Producers of traditional fossil fuels could face a hit of up to $100 billion if Congress heeds the president’s request to abolish what he called of “oil and gas company preferences” in the tax code and adopts his cap-and-trade emissions program.
The energy industry would shoulder most of the cost of a cap-and-trade plan that would raise an estimated $79 billion in 2012 with new limits on pollutants blamed for climate change.
Some of the money raised by higher taxes on traditional energy producers would be used to underwrite development and deployment of clean energy technologies, including solar, biomass, geothermal and wind.
The net effect of the proposals, said Mark Kibbe, director of federal relations for the American Petroleum Institute, is to “make U.S. projects less competitive with foreign projects.”
Some industry leaders, including ConocoPhillips, BP America, and Shell Oil Co., have backed a broad cap-and-trade plan; others, such as Exxon Mobil Corp., have favored a more direct tax on carbon emissions.

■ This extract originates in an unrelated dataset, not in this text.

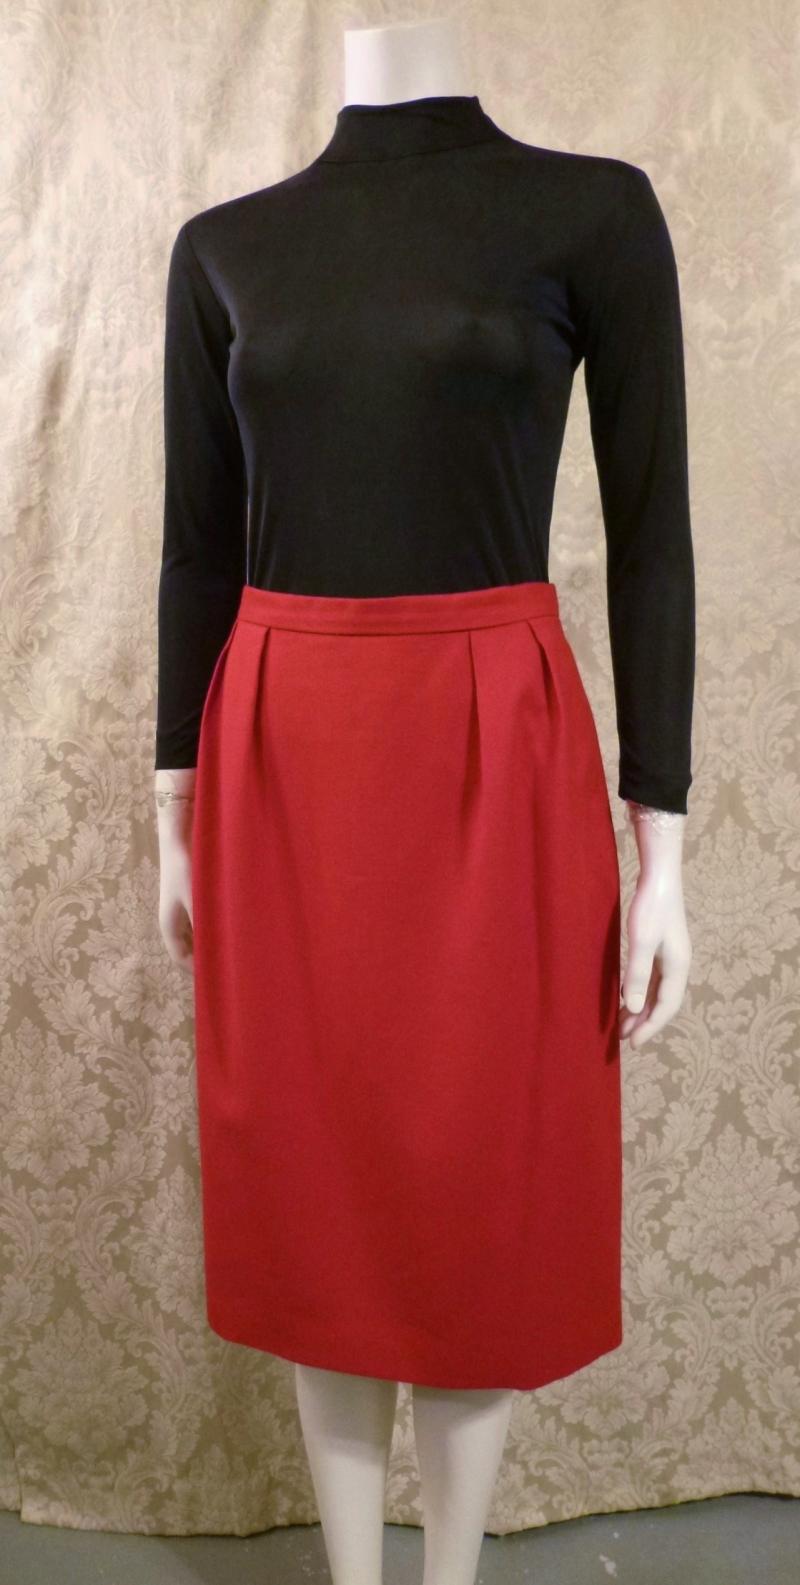 1980s vintage Christian Dior red skirt suit pockets (1)

Obama’s cap-and-trade proposal will be resisted by Republicans on Capitol Hill who say its costs would be passed on to consumers in the form of higher costs for energy and consumer products.
Rep. Kevin Brady, R-The Woodlands, said a cap-and-trade program carries too much risk, especially during a recession.
The initiative, he said, is “open to political manipulation and hidden taxes and real job harm.”